Latest climate assessment says Oregon is getting warmer — what's that mean for the state?

Mt. Hood

The latest climate assessment for Oregon says the state is getting warmer — a trend that carries multiple implications and poses long-term challenges for the state.

The Sixth Oregon Climate Assessment — a legislatively mandated biennial assessment of the state of Oregon-related climate change science and the likely effects of climate change on the state's natural and human systems — was released in January by the Oregon Climate Change Research Institute, housed at Oregon State University. More than 60 collaborators from around the state contributed to the report, including Portland State researchers Paul Loikith, Andrés Holz and Andrew Fountain. 

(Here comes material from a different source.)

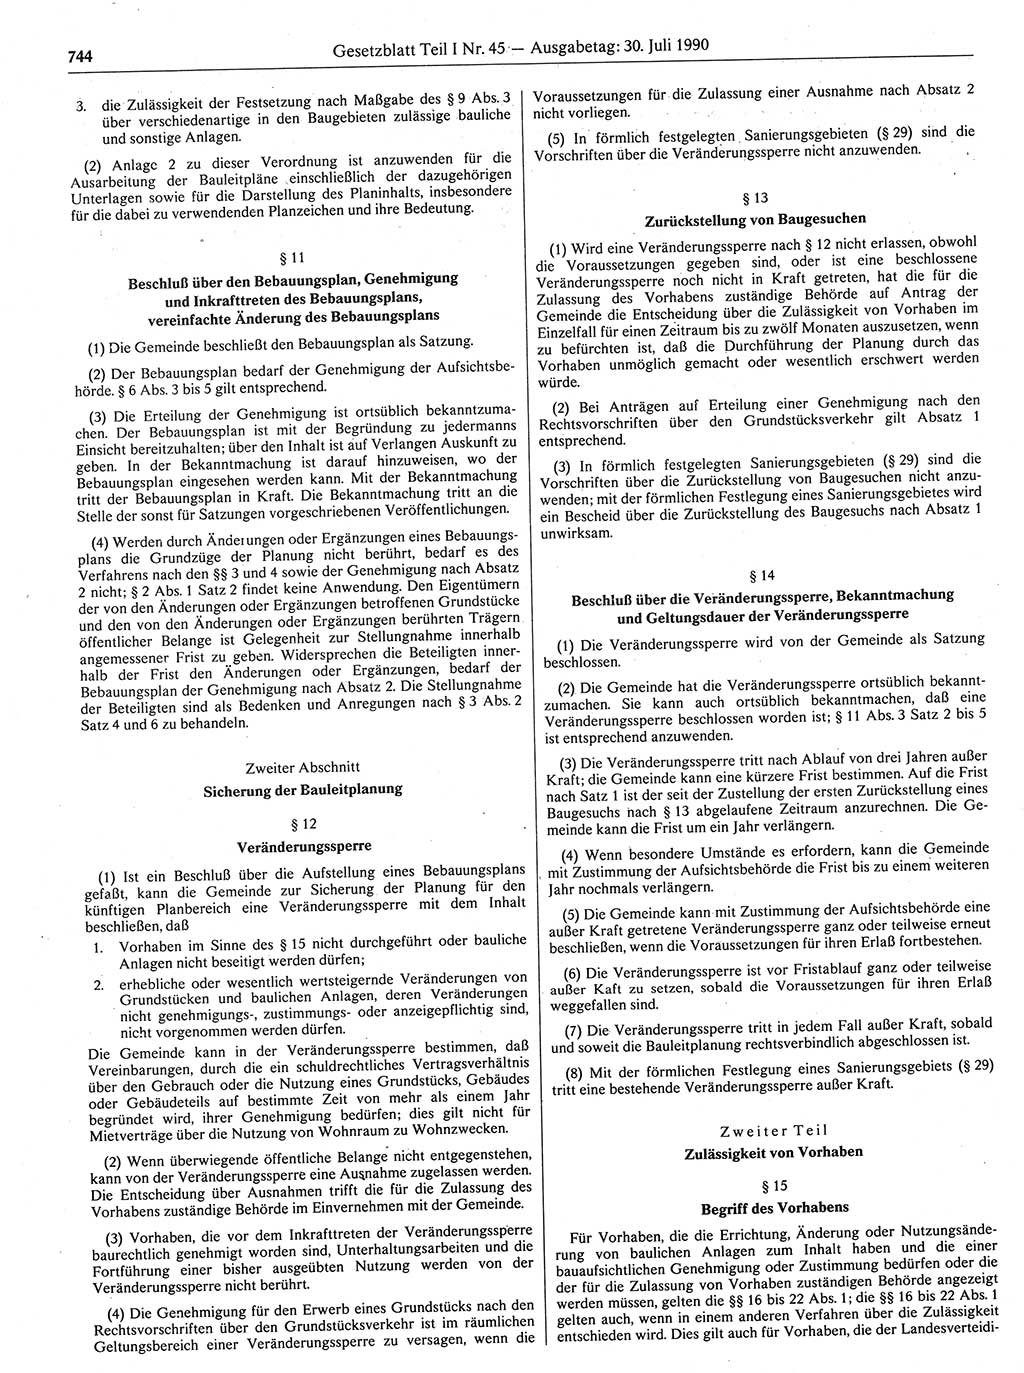 Gesetzblatt (GBl.) der Deutschen Demokratischen Republik (DDR) Teil Ⅰ 1990, Seite 744 (GBl. DDR Ⅰ 1990, S. 744)

Temperatures are warming across all four seasons, said Loikith, an associate professor of geography and director of PSU's Climate Science Lab. Extreme heat is getting hotter and more frequent, and extreme cold is getting less frequent and less severe. Oregon saw more days per year topping 90 degrees and more nights per year warmer than 65 degrees between 2011 and 2020 than between 1951 and 2010, according to the report, the first since the June 2021 heat dome event.

"Warmer temperatures really drive so many of the impacts that we see," Loikith said. 

It's the warmer temperatures — not an increase in wind — that is drying out fuels faster and increasing the likelihood of more extreme fire weather. 

"The increasing temperatures are creating an atmosphere that can hold more moisture and by doing that it's pulling moisture from plants, from fuels and from soils," said Holz, an associate professor of geography and director of PSU's Global Environmental Change Lab. "The aridity of the atmosphere and fuels is chronically increasing, so it's drier and drier. That's the key driver of wildfires, especially where fuels are abundant, such as in our westside forests."

The average annual area burned in Oregon's forests is expected to increase by at least 50% and fire seasons are expected to become more extreme than any in recorded history, according to the studies reviewed by the report. The risk to human life and property is considerable, particularly in western Oregon where communities have little historical experience with major wildfires. Holz said the 2020 Labor Day fires were unique not because of their size or severity but because it was the first time so many people lived close to, and thus were affected by the burning forests.

Warming temperatures are also impacting glaciers and snowpack, a key source of water for the state that is vanishing. Fountain, professor emeritus of geology and geography, said total precipitation has more or less remained the same for the last century but more precipitation is falling as rain than snow.

"Less snowfall doesn't nourish the glaciers as much and with increasing temperatures in the summer, there's more ice melt," he said.

It's no surprise then that glacier retreat has accelerated, with 20 of Oregon's glaciers disappearing since the mid-late 1900s and no glaciers remaining in the Wallowa Mountains. Fountain said snowpack accumulation is the West's greatest reservoir, storing moisture that ideally melts slowly into reservoirs, supplying residents and farmers with water during the drier months. But now that the state is getting less snow and more rain, the snowpack is melting earlier in the spring, meaning less water is available when the state needs it most. 

The assessment indicates there are opportunities and support for policies to advance climate change mitigation and adaptation in Oregon, but Holz and Fountain warned that climate change doesn't stop at state or national borders; it's going to require quicker collection action.

"Oregon can do its part in terms of reducing greenhouse gasses but the atmosphere is relatively well-mixed," Fountain said. "We depend on what's going on in Washington and Idaho and Japan. … Things are happening, but will they be in time?"